Please set down exactly the lines from the one that contains "Phim tài liệu" through the end of the material, leaving out every picture.

Available data —
────

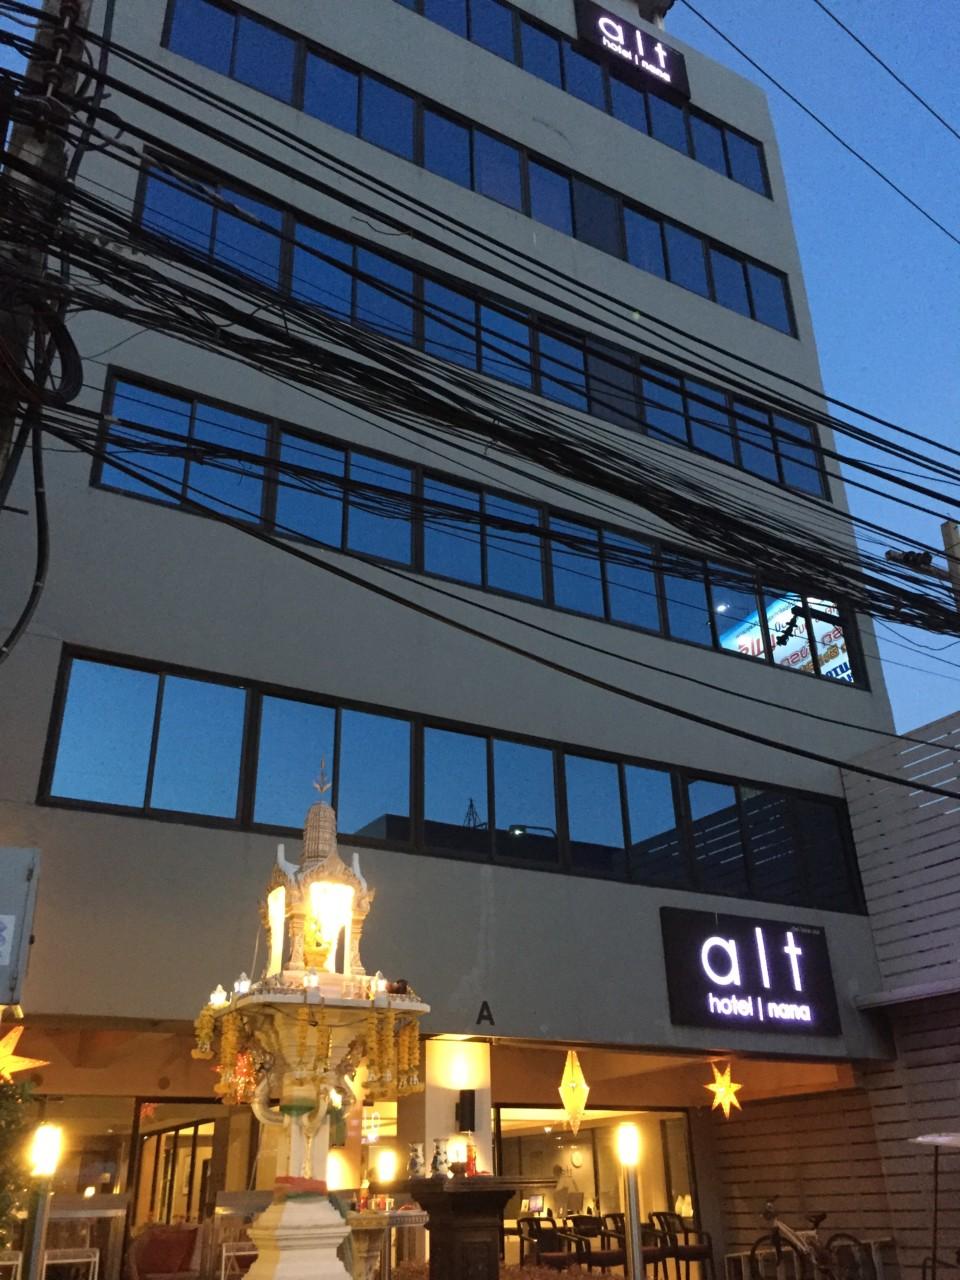 オルトホテルナナホテル
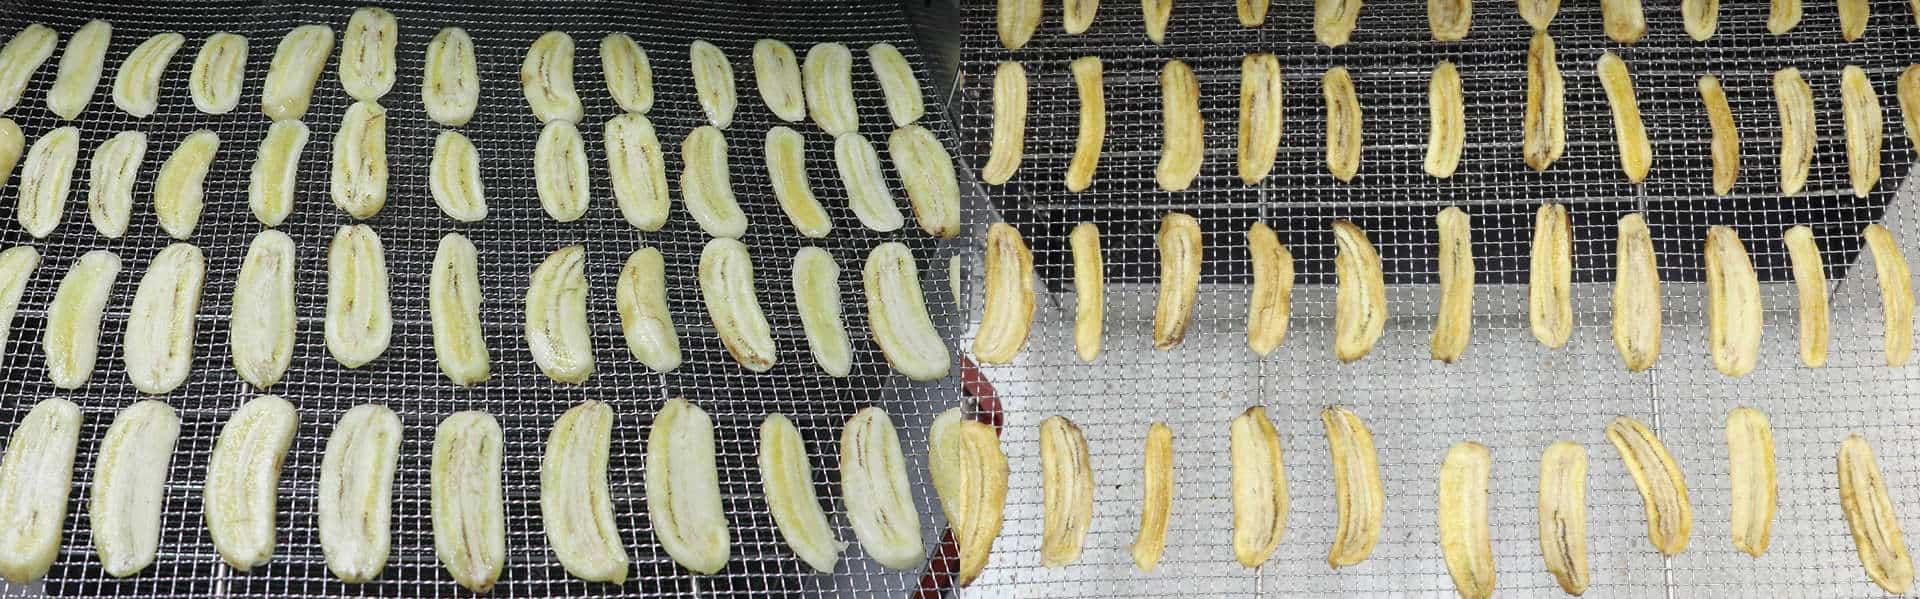 Máy sấy thực phẩm khí nóng công nghiệp GE - Chuối cắt lát trước và sau khi sấy
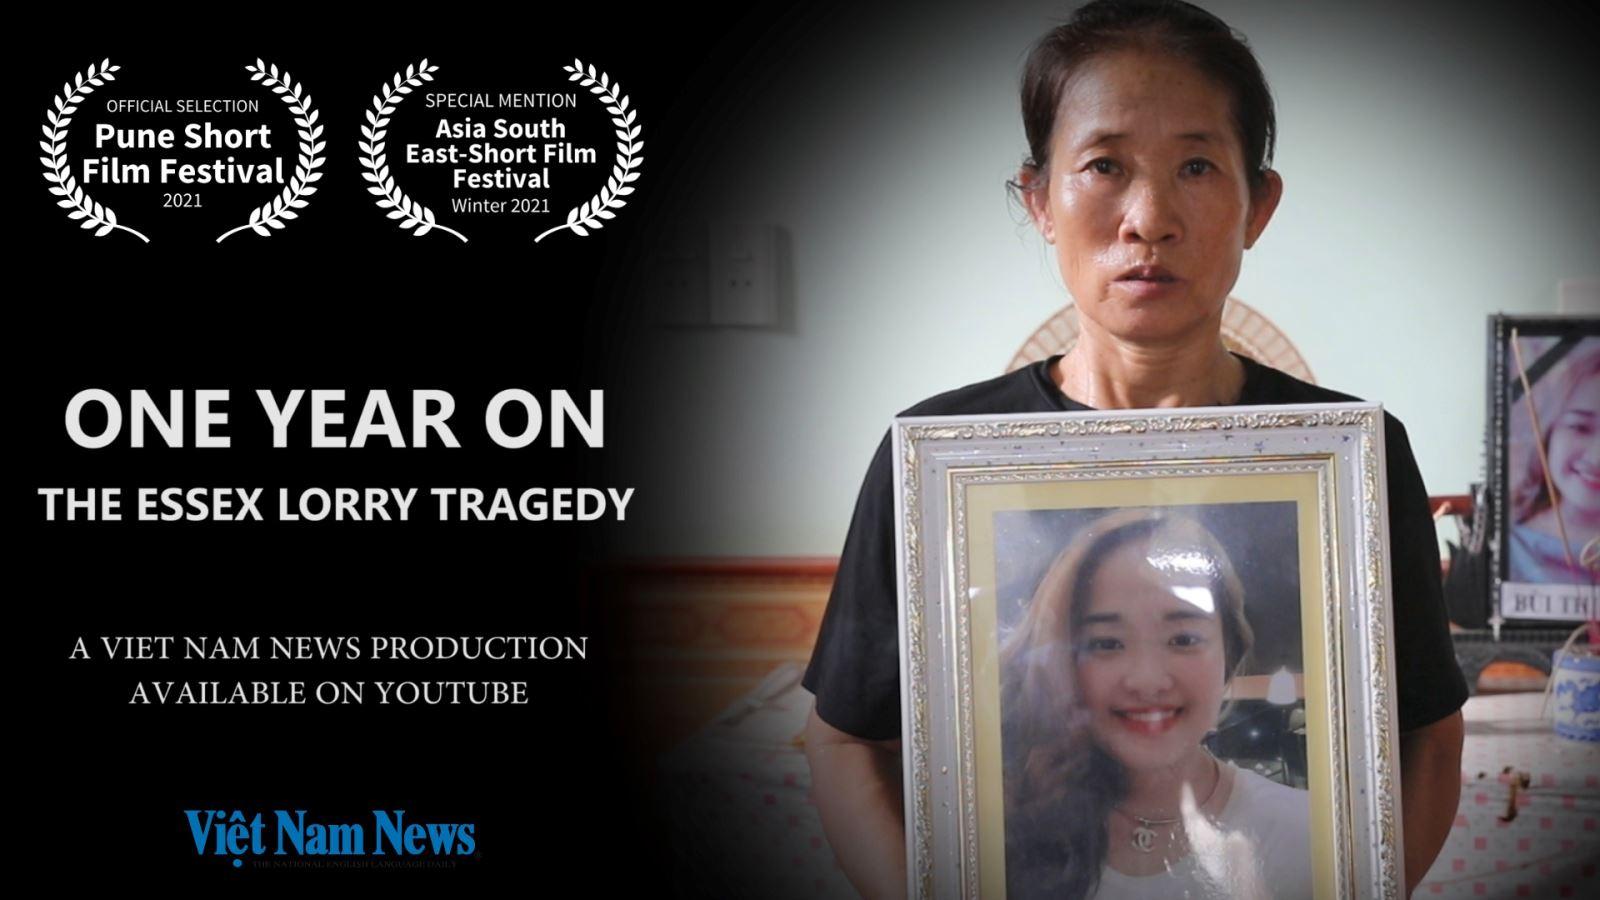 Phim tài liệu của báo Việt Nam News về thảm kịch xe tải Essex tham dự liên hoan phim quốc tế
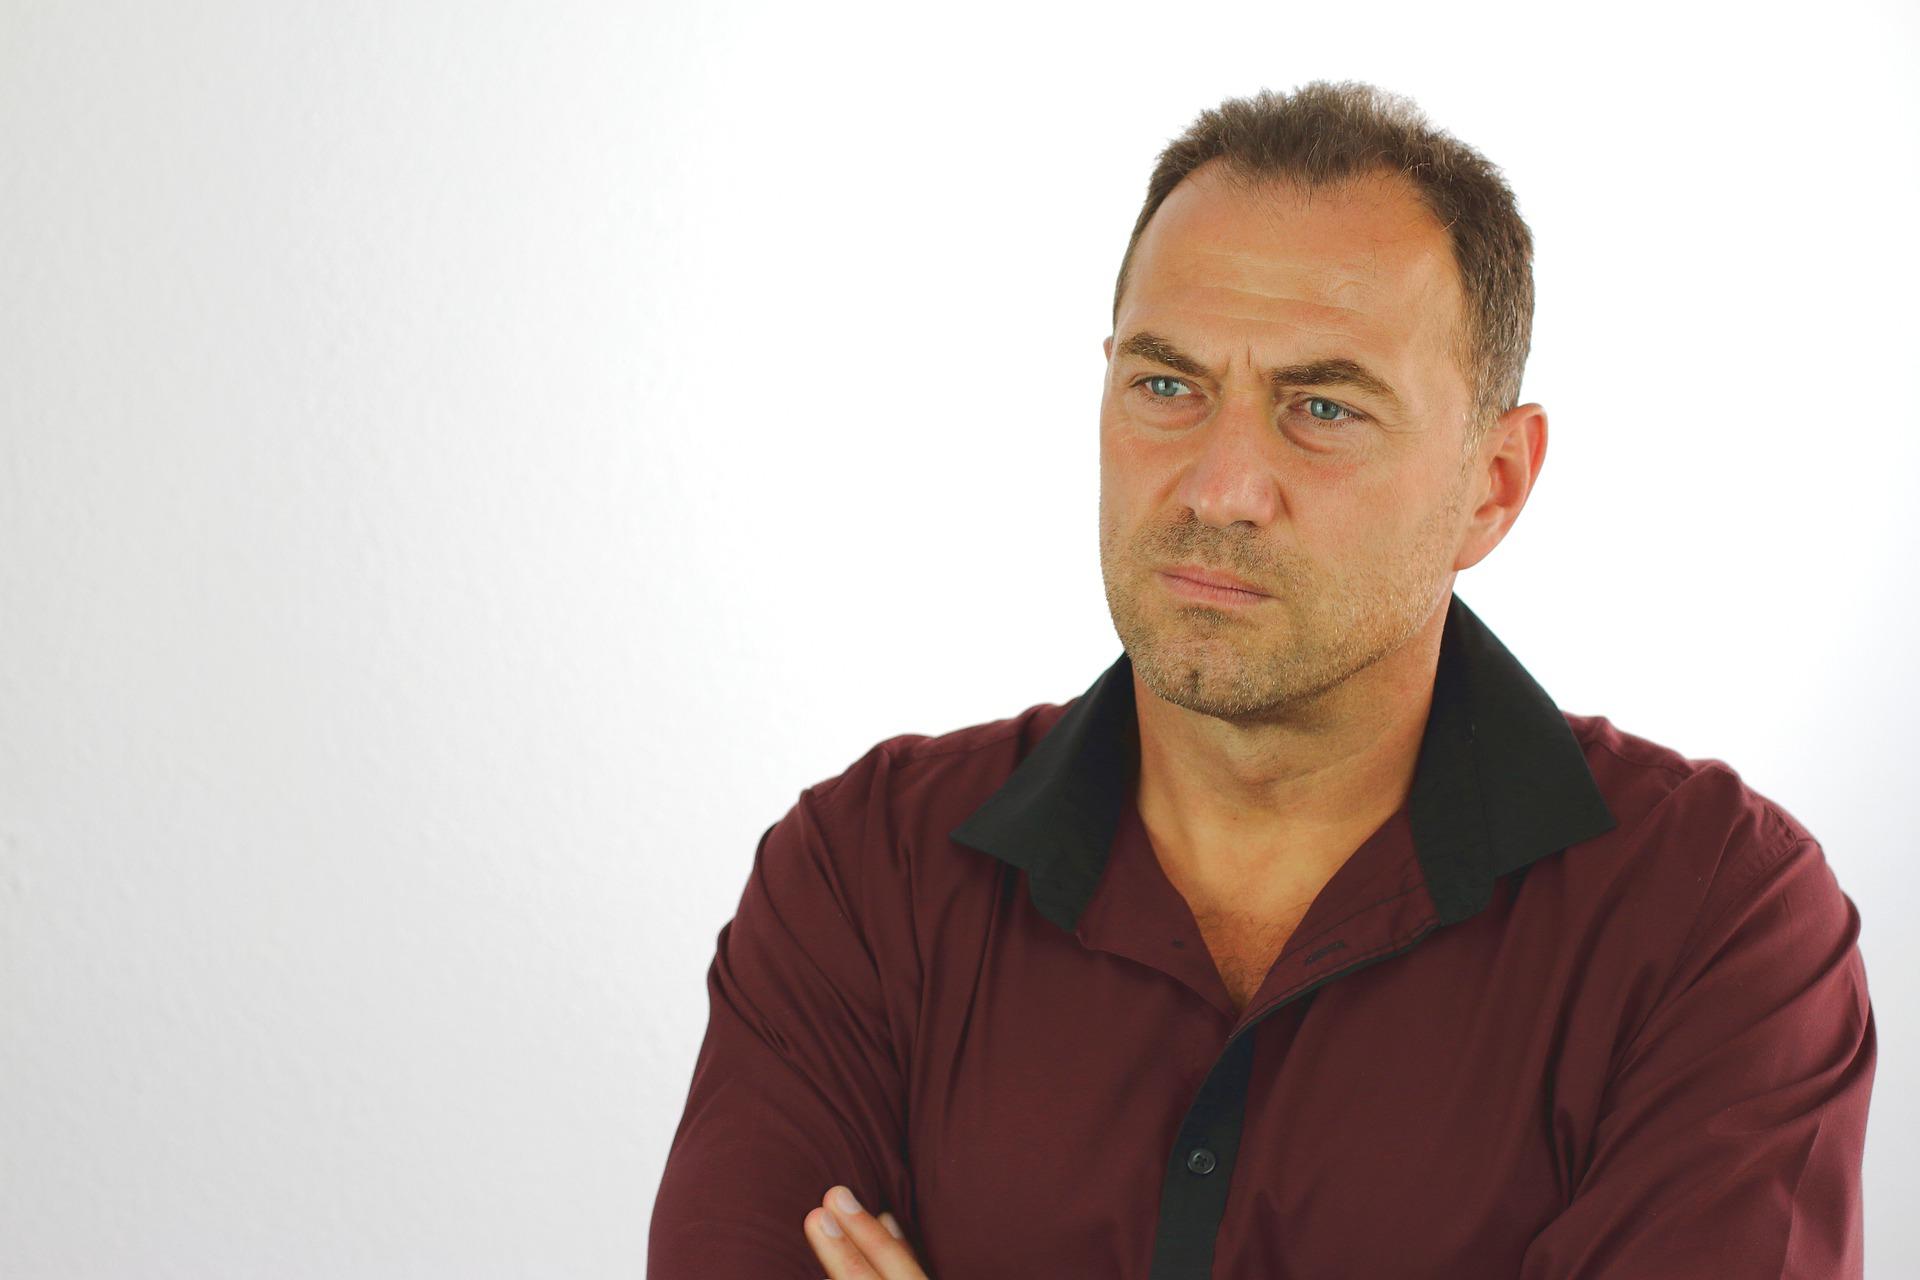 Ivan Starr

────

Result of the task —
 Phim tài liệu của báo Việt Nam News về thảm kịch xe tải Essex tham dự liên hoan phim quốc tế
 Ivan Starr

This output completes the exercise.